The Bank of England is set to leave its policy settings on hold on Thursday as growing evidence of a modest economic recovery reduces the need for extra monetary stimulus.

The central bank will announce its policy decision at 13:00 SA time.

All 56 economists polled by Reuters last week said they expected the BoE to leave interest rates and the target for its asset purchases unchanged, after it decided in February to buy 50 billion pounds ($80 billion) more of gilts.

Most economists also took the view that the BoE will not expand its quantitative easing programme this year.

Recent signs that the economy will avoid a recession coupled with worries about potentially sticky inflation support that view.

Surveys of purchasing managers released this week showed a surprise pick-up in growth across British services, manufacturing and construction in March.

“If these strong results can be sustained into April, then it is likely to be the final nail in the coffin for another round of quantitative easing,” said Andrew Goodwin, senior economic adviser to the Ernst & Young ITEM Club.

Moreover, a recent rise in oil prices has raised fears that British inflation will not fall towards the BoE's 2 percent target as fast as policymakers hope.

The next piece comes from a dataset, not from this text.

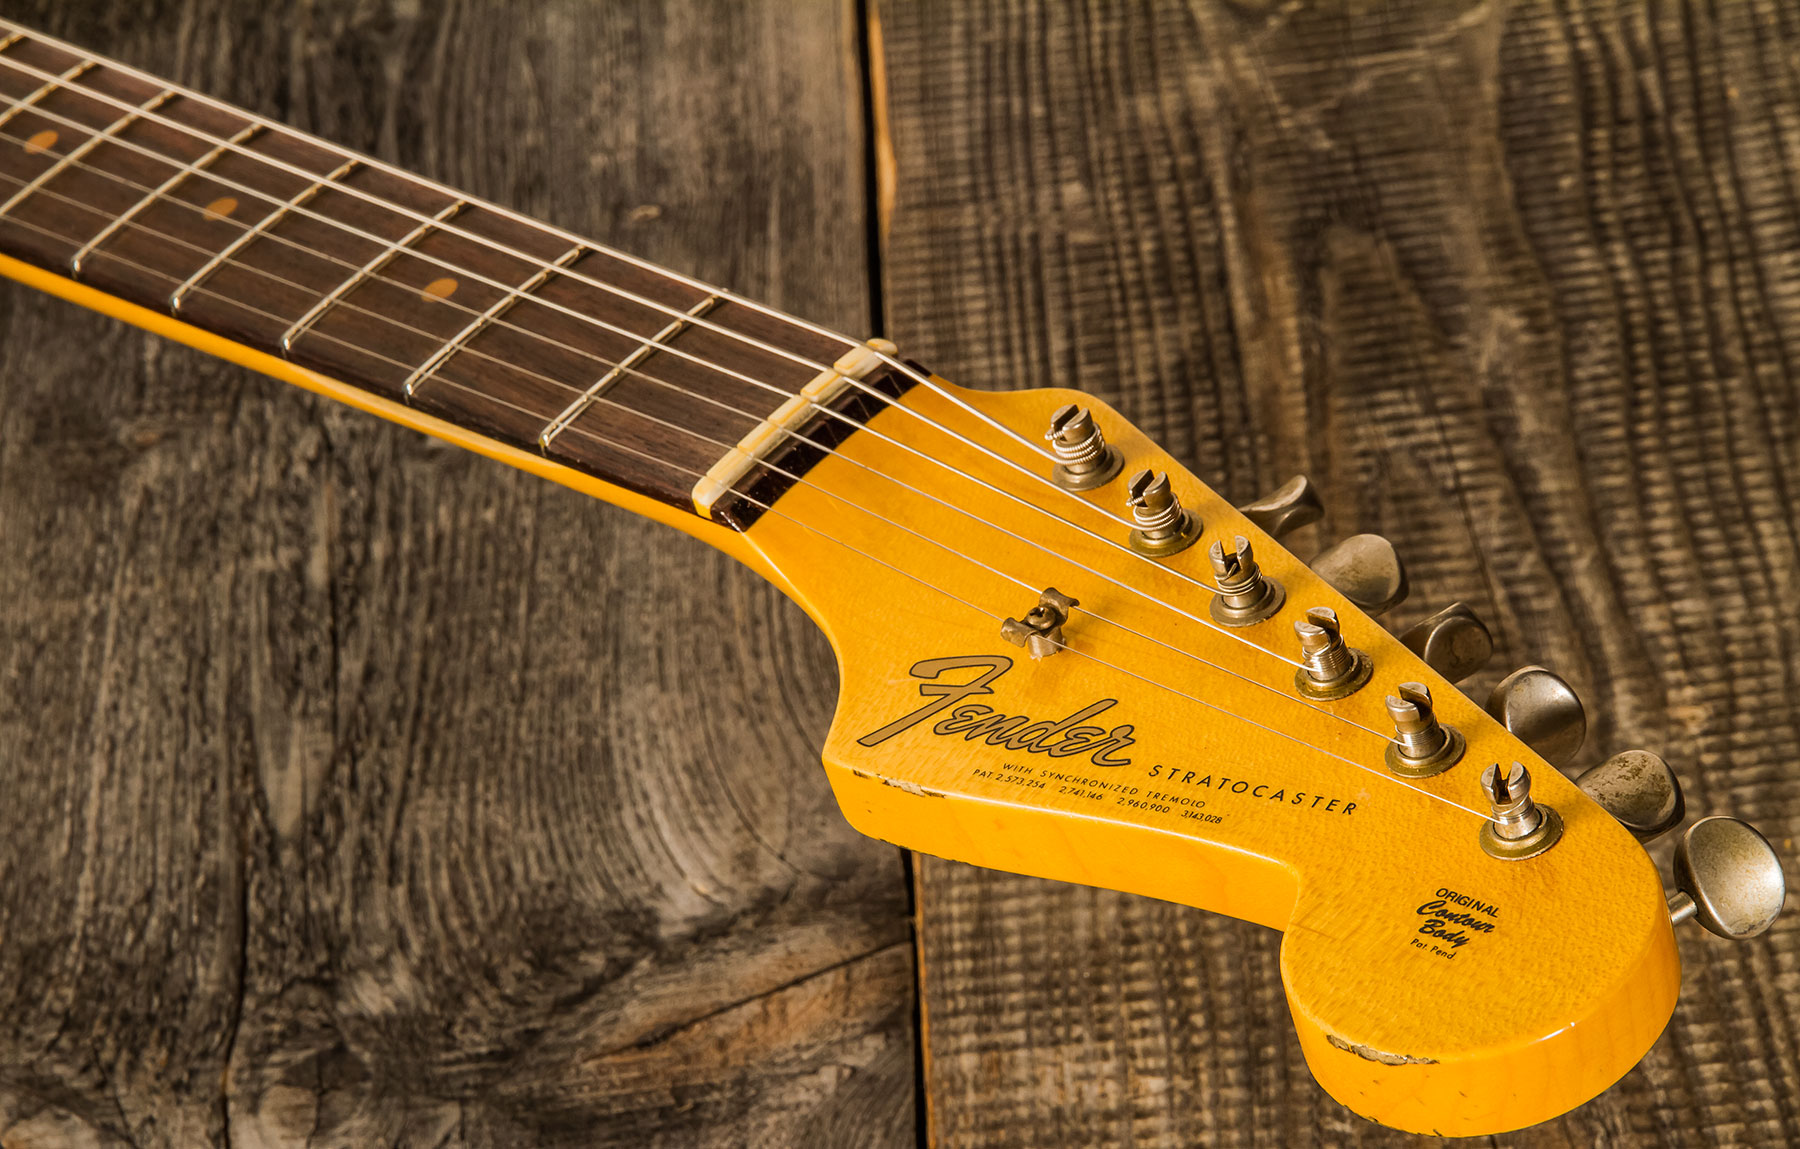 Fender Custom Shop Strat 1964 3s Trem Rw - Journeyman Relic Target 3-color Sunburst - Str shape electric guitar - Variation 4
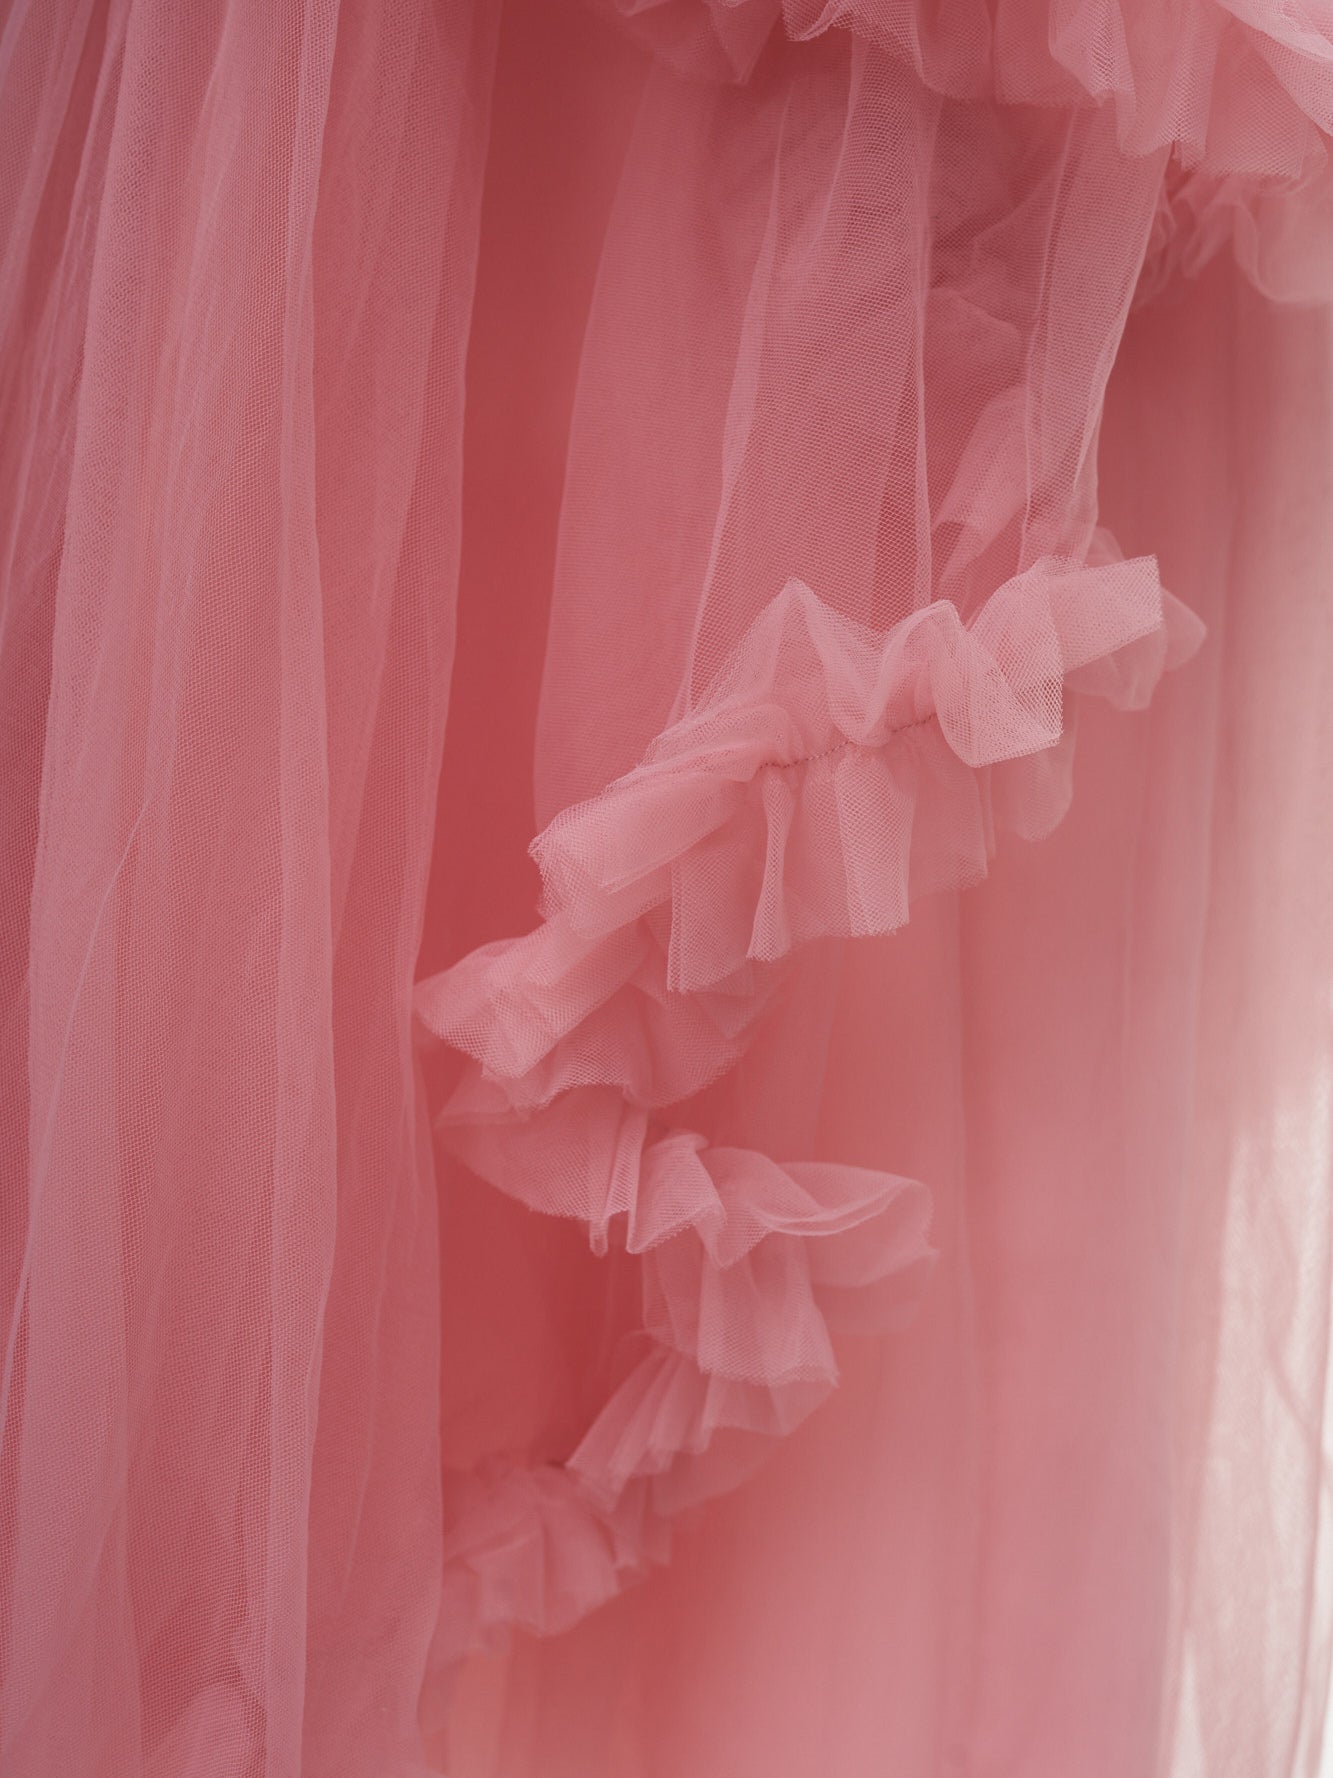 Roze Pailletten Tule Prinsessenjurk voor Kinderen voor Fotografie

The British Retail Consortium said on Wednesday that food prices rose in March at the sharpest annual rate since June, driven by higher transport costs stemming from dearer oil.

A sizeable minority of economists still expect more stimulus from the BoE but not until May at the earliest, when its current asset buys are completed.

By then rate-setters will have also seen the first reading of Britain's first-quarter GDP and updated their growth and inflation forecasts.

Howard Archer, economist at IHS Global Insight, is one of those predicting a final 25 billion pound dose of QE.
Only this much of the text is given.